As operações militares de Israel, sobretudo com os governos liderados por Benjamin "Bibi" Netanyahu, são frequentemente vistas como desproporcionados em comparação com as ações de grupos como o Hamas. As imagens de destruição em Gaza e as altas taxas de baixas civis palestinas alimentam uma percepção de que a resposta aos ataques de 8 de outubro de 2023 é excessiva, o que tende a gerar empatia para com os palestinos, mesmo entre aqueles que não aprovam o uso da violência por seus grupos armados. Organizações internacionais, como a Human Rights Watch e a Amnistia Internacional, têm emitido relatórios criticando Israel por práticas que consideram violações dos direitos humanos e, em alguns casos, descrevem essas ações como práticas de apartheid. Esses relatórios têm tido um impacto significativo na opinião pública, especialmente entre as gerações mais jovens.

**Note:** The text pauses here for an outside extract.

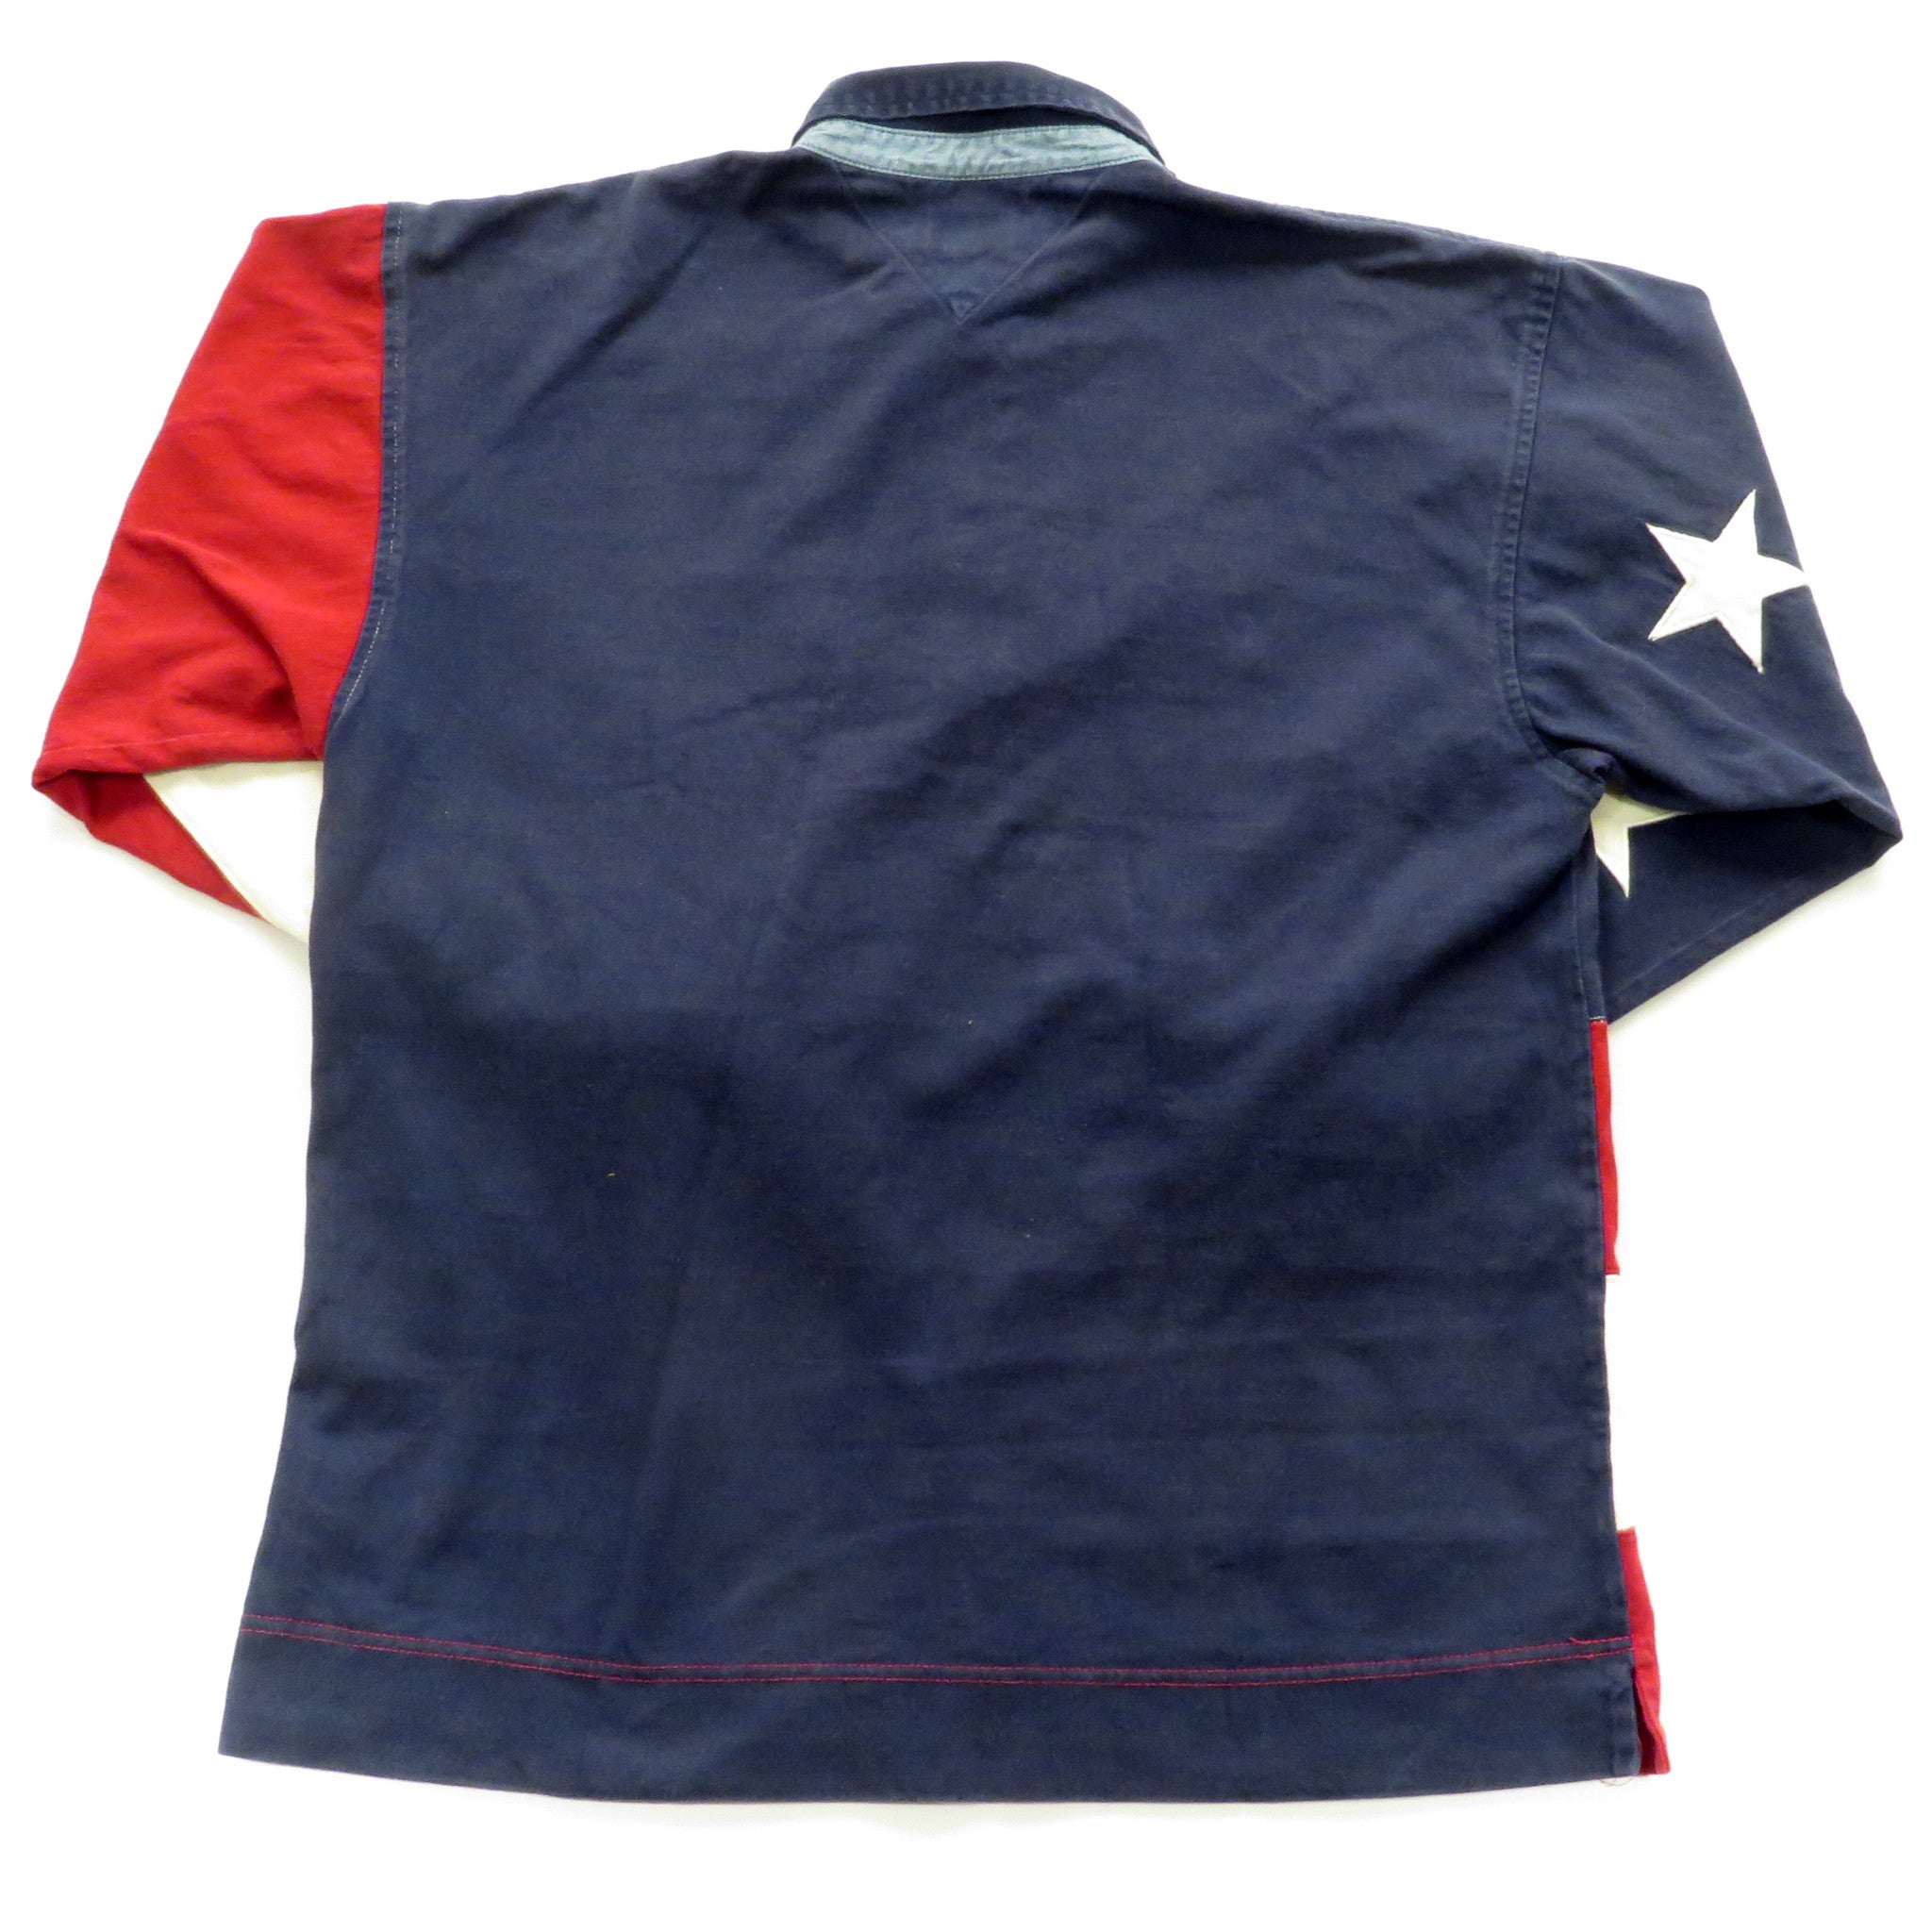 Tommy Hilfiger Big Flag Print Long Sleeve Shirt Sz M

As gerações mais jovens no Ocidente tendem a se identificar mais com causas de justiça social e são mais críticas em relação a governos que consideram autoritários ou que violam os direitos humanos. Esse grupo vê a questão palestina como parte de uma luta mais ampla contra a opressão e a desigualdade, muitas vezes se distanciando da tradicional aliança incondicional com Israel. O ativismo pró-palestino tem uma presença significativa em muitas universidades ocidentais, onde campanhas de boicote, desinvestimento e sanções (BDS) contra Israel são amplamente promovidas. Essas campanhas influenciam as atitudes dos jovens e os levam a adotar uma postura mais crítica em relação a Israel.

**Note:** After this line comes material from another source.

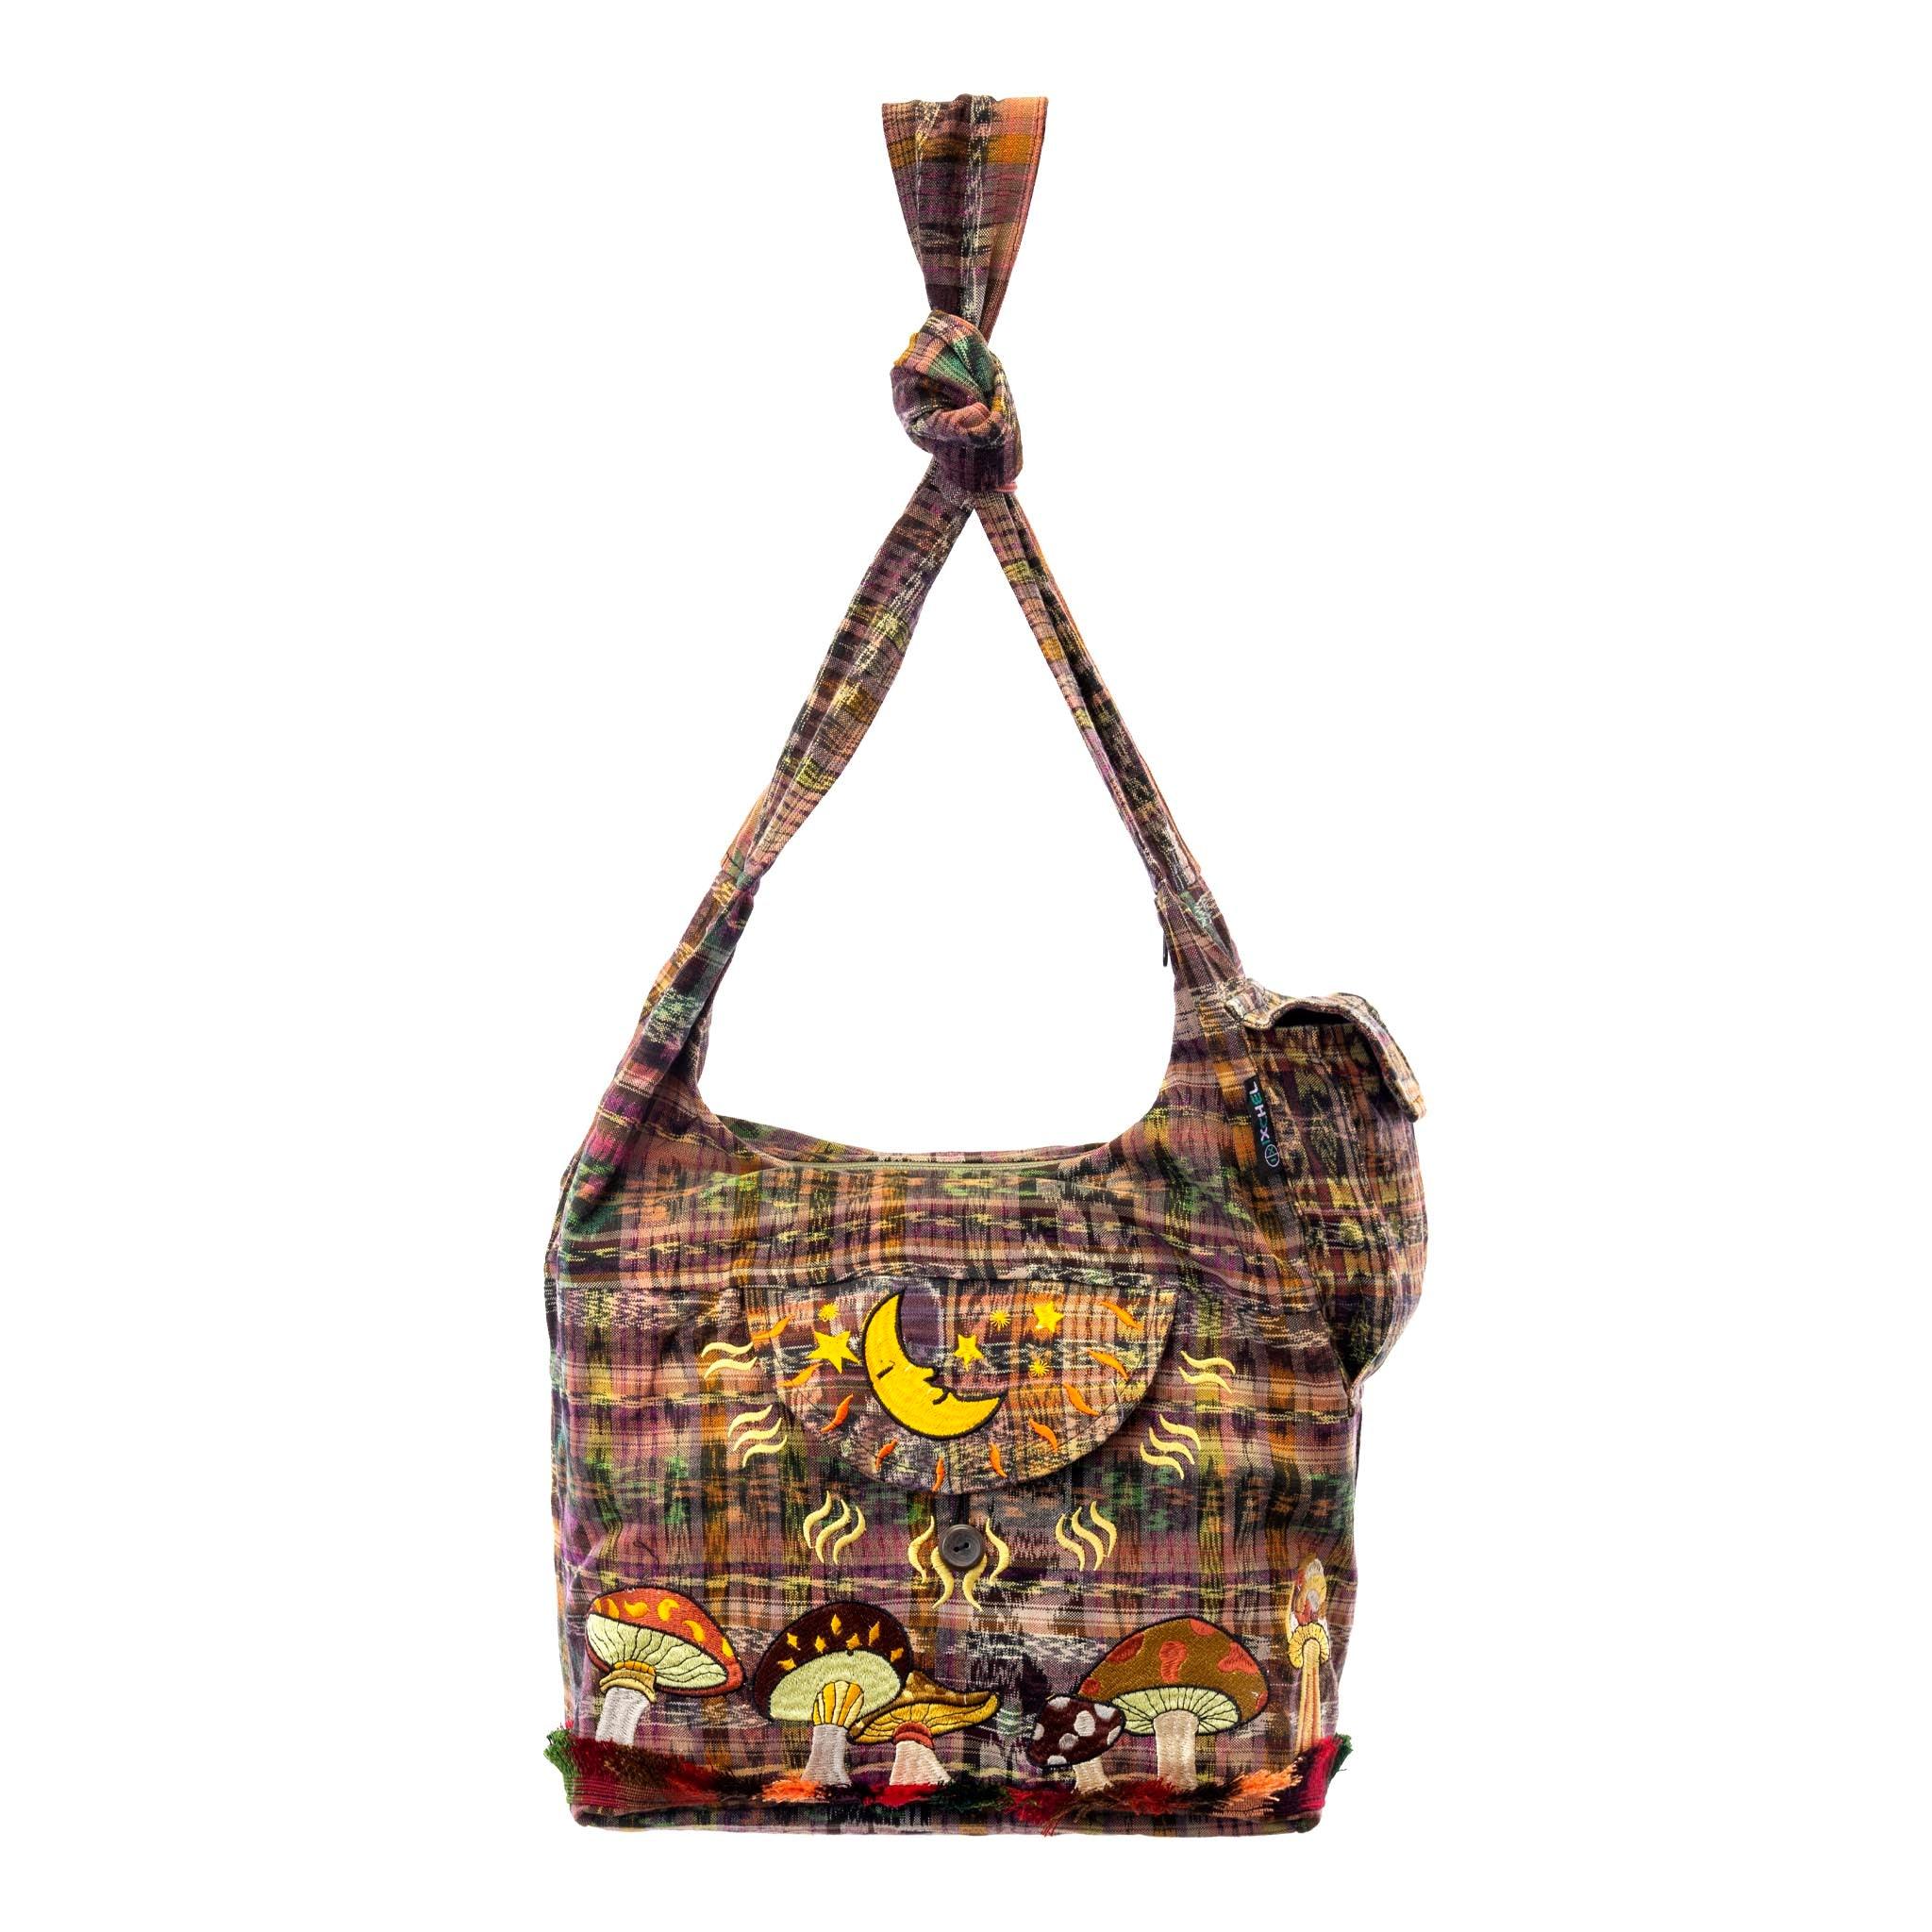 Wicked Dragon Clothing - Funky mushroom hippie shoulder bag

Enquanto a maioria dos deputados do Partido Republicano Americano se mantém fiel no apoio a Israel, há uma clivagem evidente entre progressistas e a ala mais conservadora do Partido Democrata dos Estados Unidos. Enquanto os republicanos geralmente mantêm um apoio firme a Israel, há um número crescente de democratas e independentes que são críticos em relação à política do governo israelita e mais simpatizantes dos palestinos. As atitudes políticas em países europeus também mudaram, com um número crescente de líderes políticos e partidos expressando preocupações sobre as políticas de assentamento de Israel com os seus colonos e a falta de progresso em direção a uma solução de dois estados.
A normalização das relações entre Israel e alguns países árabes (os Acordos de Abraão) não foi recebida com unanimidade por todos, especialmente entre os que simpatizam com a causa palestina. Para muitos, essas alianças são vistas como uma traição aos interesses palestinos, aumentando ainda mais o foco nas injustiças percebidas. Em alguns círculos, a crescente islamofobia no Ocidente e as narrativas simplistas que rotulam todos os muçulmanos como extremistas têm gerado uma contrarreação. Esse fenómeno faz com que mais pessoas rejeitem essas visões simplistas e se tornem mais abertas a ouvir a perspectiva palestina. Em comunidades muçulmanas e árabes na diáspora, o apoio aos palestinos é uma questão de identidade e de solidariedade cultural, o que também influencia as atitudes de outros grupos progressistas ou minorias que veem similaridades em suas próprias lutas por direitos e reconhecimento.
Essa mudança na opinião pública indica uma tendência crescente de crítica às ações de Israel e de apoio à causa palestina, mesmo diante da complexidade do conflito e da presença de grupos militantes. O resultado é uma situação onde o apoio a Israel, que historicamente foi quase incondicional em muitas partes do Ocidente, está a tornar-se cada vez mais fragmentado e desafiado por vozes que clamam por maior justiça e igualdade no tratamento dos palestinos.